# Problem to solve
When you find the line with "Digital Marketing Agency" among the records below, reproduce it and each line after it exactly, ending with the line with "Colorful Smoke iPhone".

# Material for this task
######
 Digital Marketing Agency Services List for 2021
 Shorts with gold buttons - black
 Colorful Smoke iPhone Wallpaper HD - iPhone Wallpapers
######
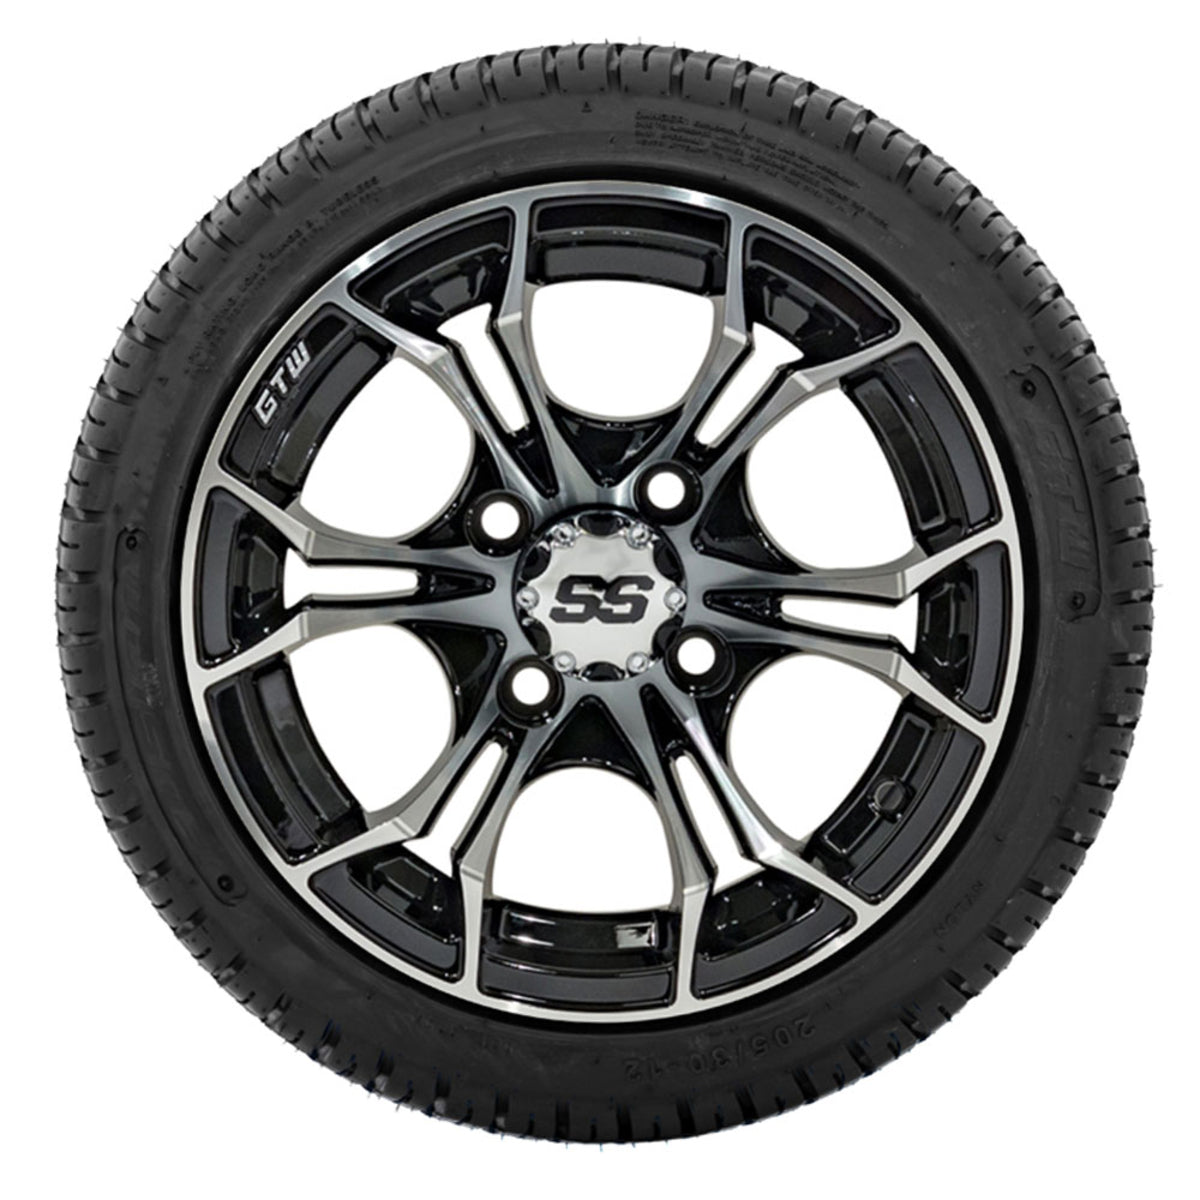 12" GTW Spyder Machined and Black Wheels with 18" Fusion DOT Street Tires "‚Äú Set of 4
######
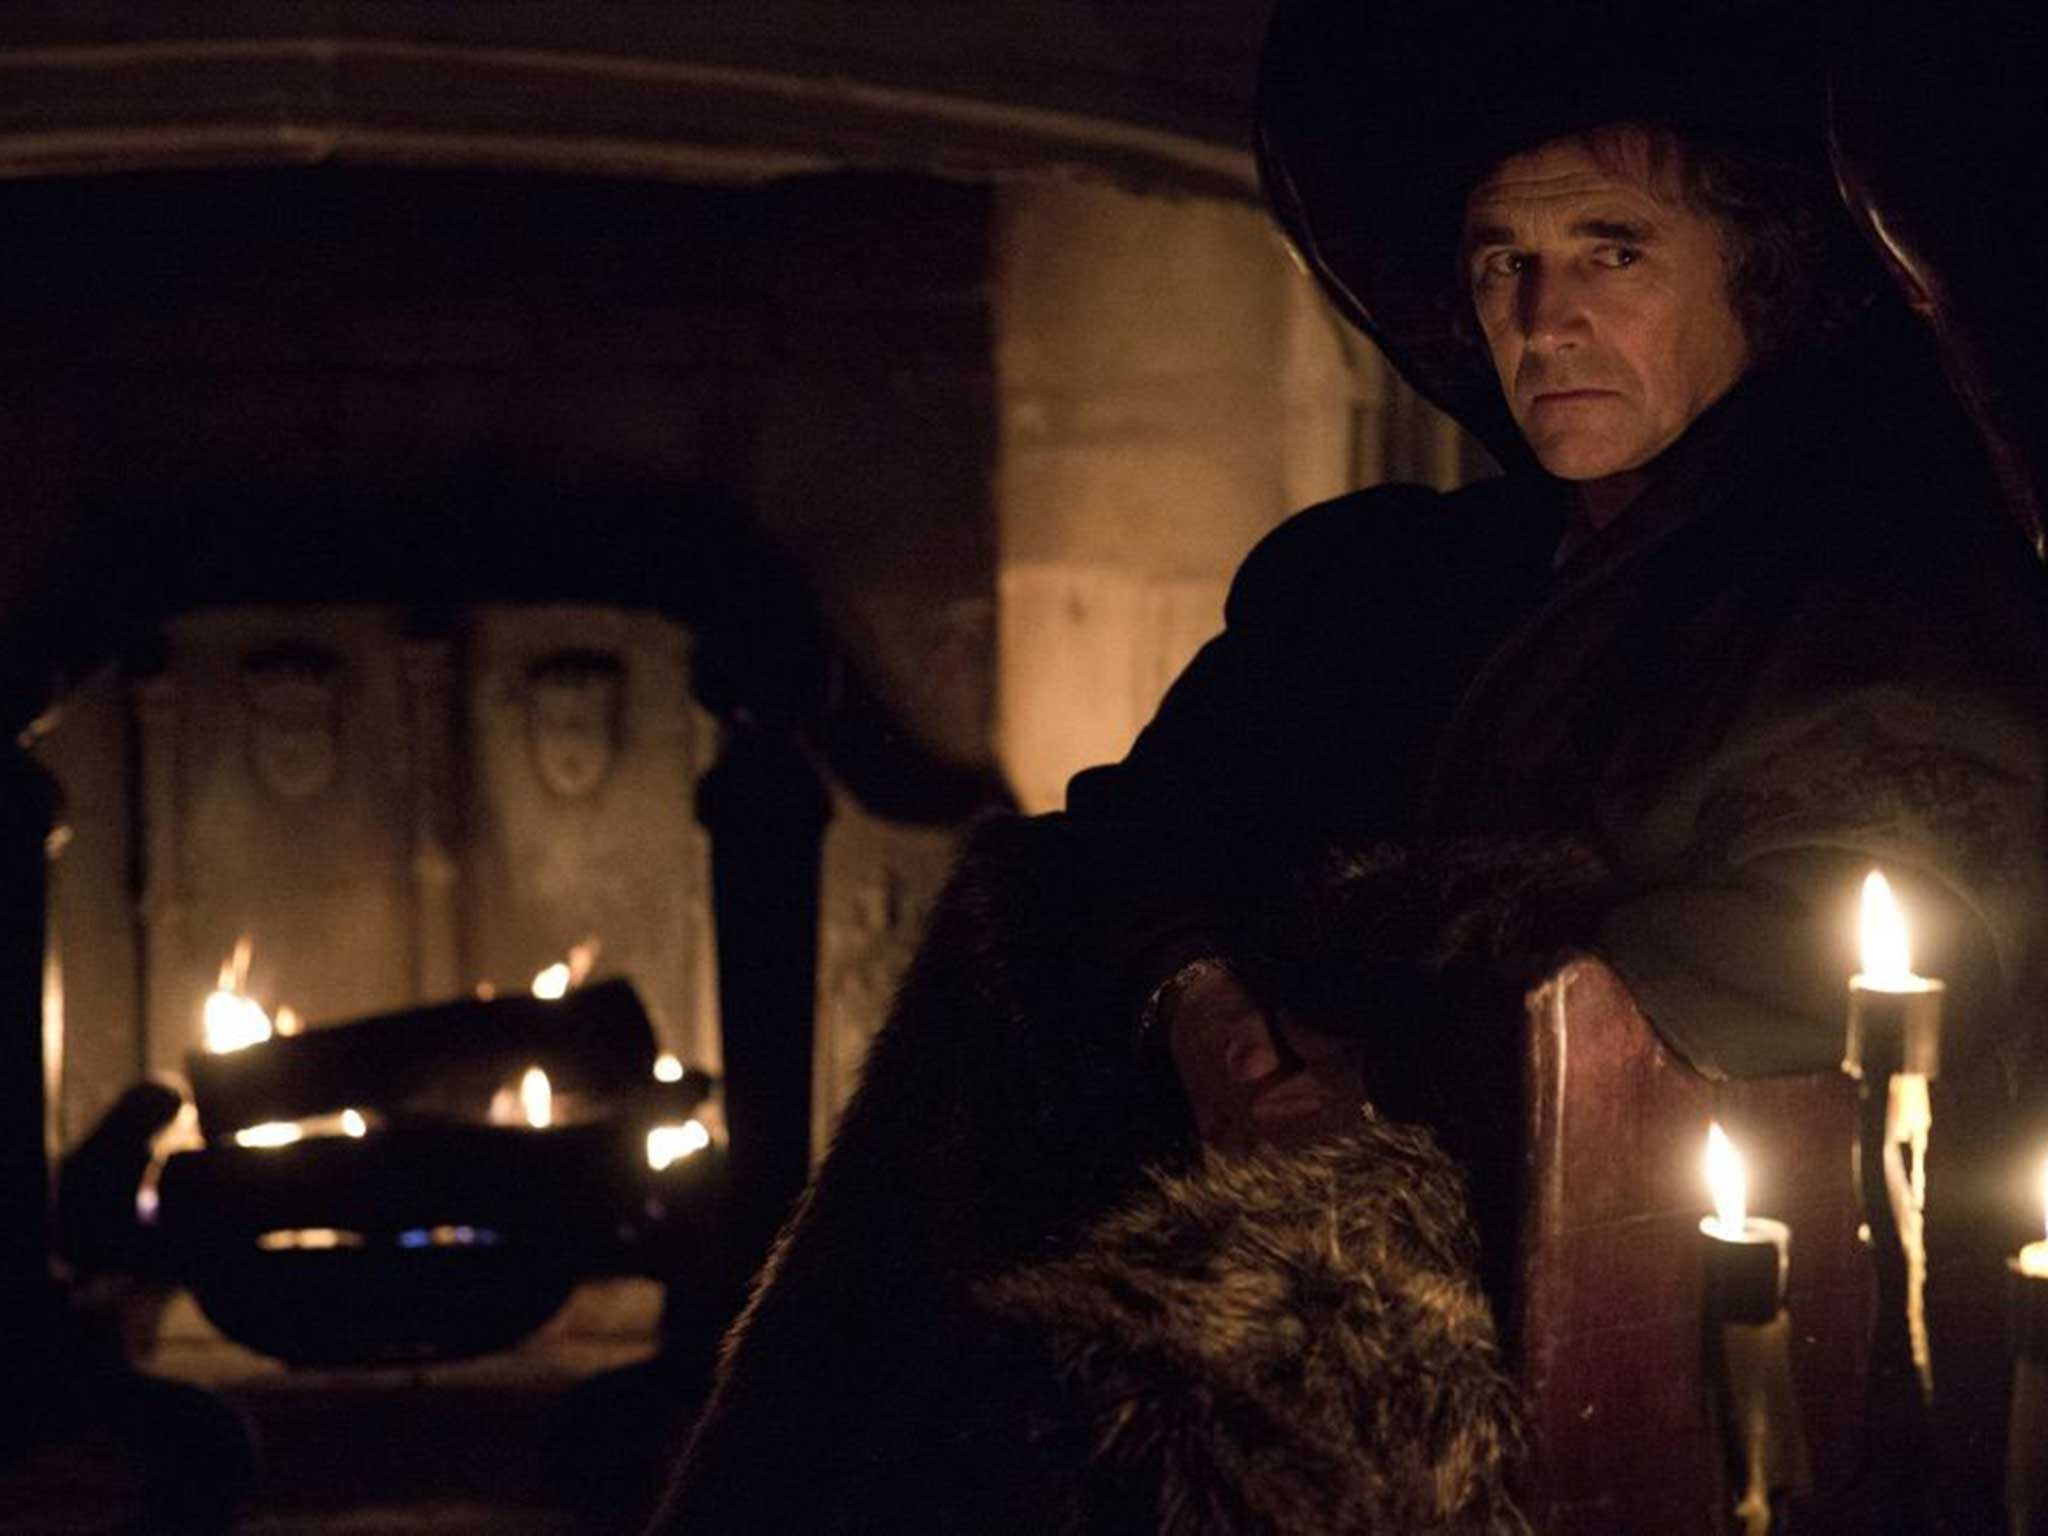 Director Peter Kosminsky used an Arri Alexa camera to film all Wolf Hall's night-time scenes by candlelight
######
# Exercise solution
 Digital Marketing Agency Services List for 2021
 Shorts with gold buttons - black
 Colorful Smoke iPhone Wallpaper HD - iPhone Wallpapers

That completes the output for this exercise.